Though the official advisory initially lacked significant technical detail, Rapid7 published a blog post on Oct. 4 providing additional insights. Condon noted that it was atypical for a privilege escalation flaw to be designated as critical.

"It's unusual, though not unprecedented, for a privilege escalation vulnerability to carry a critical severity rating," Condon wrote. "Atlassian's advisory implies that the vulnerability is remotely exploitable, which is typically more consistent with an authentication bypass or remote code execution chain than a privilege escalation issue by itself. It's possible that the vulnerability could allow a regular user account to elevate to admin -- notably, Confluence allows for new user sign-ups with no approval, but this feature is disabled by default."

TechTarget Editorial contacted Atlassian to ask whether CVE-2023-22515 could be executed remotely and for additional detail, but the vendor declined to comment. However, a spokesperson shared the following statement.
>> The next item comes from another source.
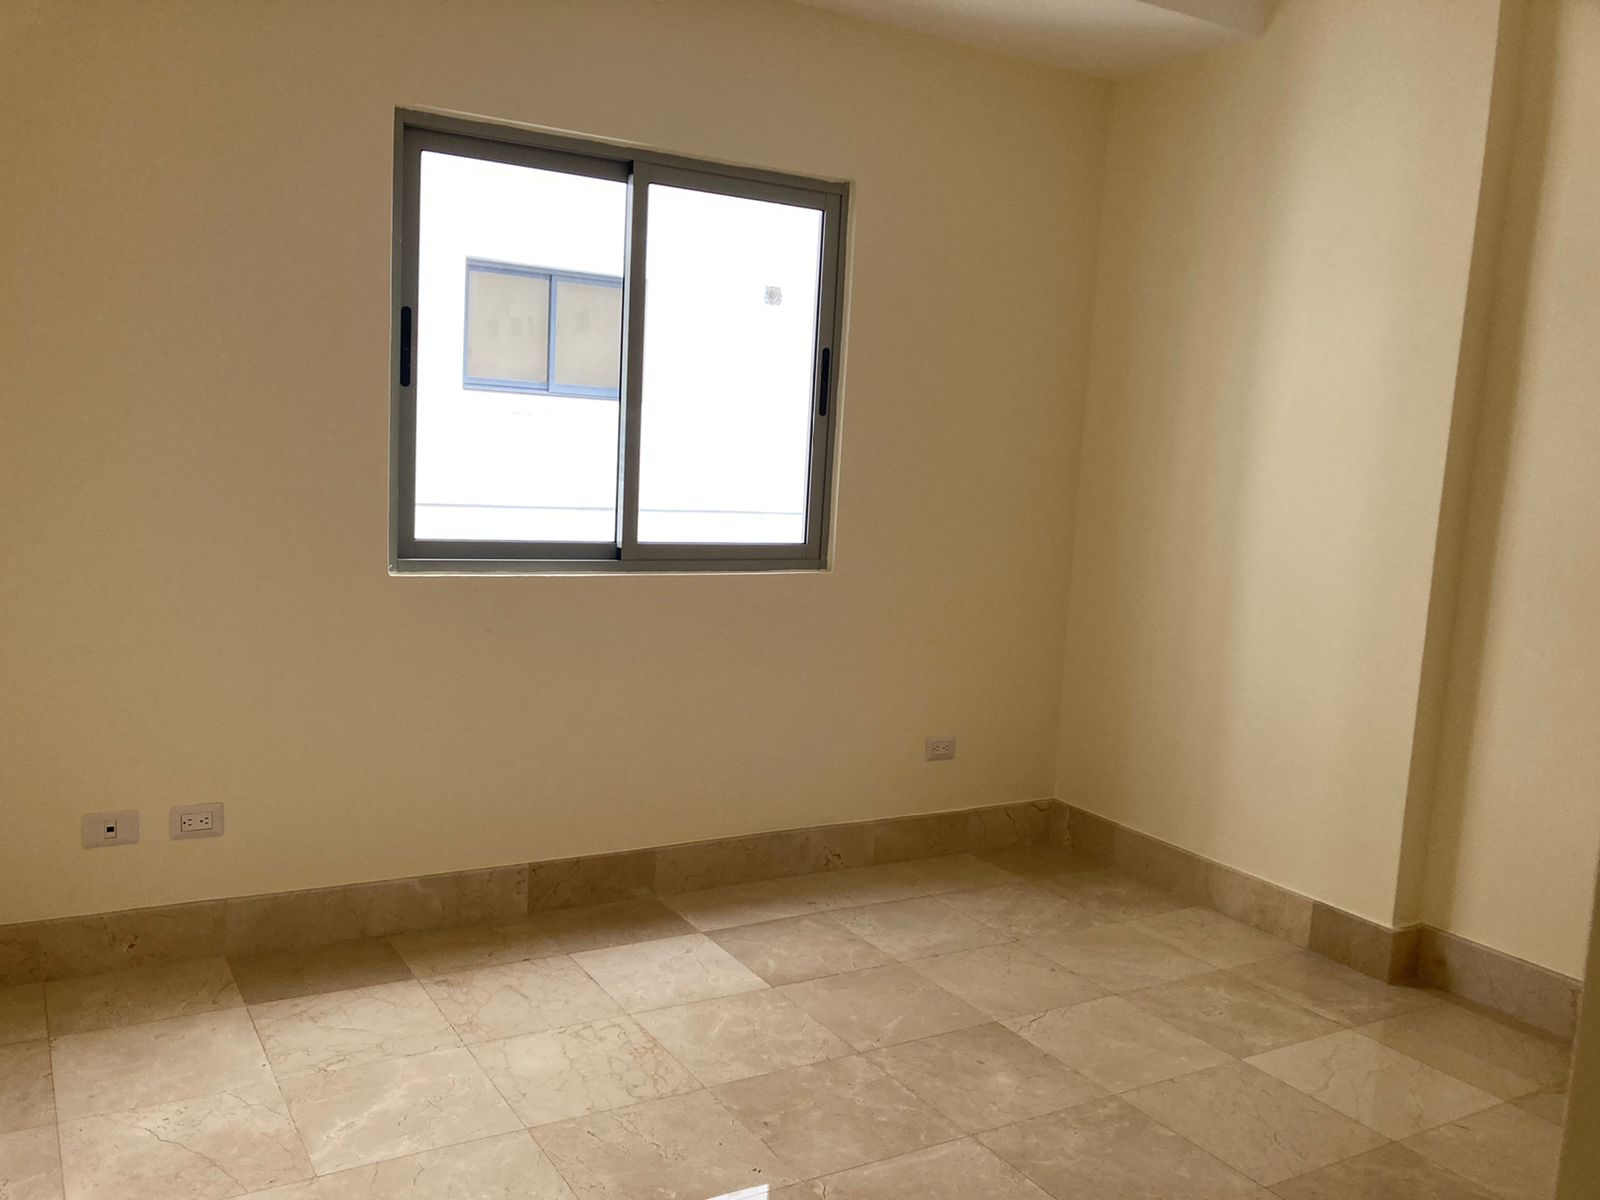 Apartamento con linea blanca de 3 habs en alquiler Piantini Foto 7165022-6.jpg

"Atlassian has been made aware of an issue reported by a handful of customers where external attackers may have exploited a previously unknown vulnerability in publicly accessible Confluence Data Center and Server instances to create unauthorized Confluence administrator accounts and access Confluence instances," the spokesperson said.

Critical Confluence flaws have attracted threat actors in the past. Last June, a remote code execution (RCE) bug in Confluence Data Center and Server, CVE-2022-26134, faced significant abuse at the hands of ransomware actors in the wild. In September 2021, another RCE flaw, CVE-2021-26084, came under exploitation soon after its public disclosure.

Updated following initial publication.

Alexander Culafi is an information security news writer, journalist and podcaster based in Boston.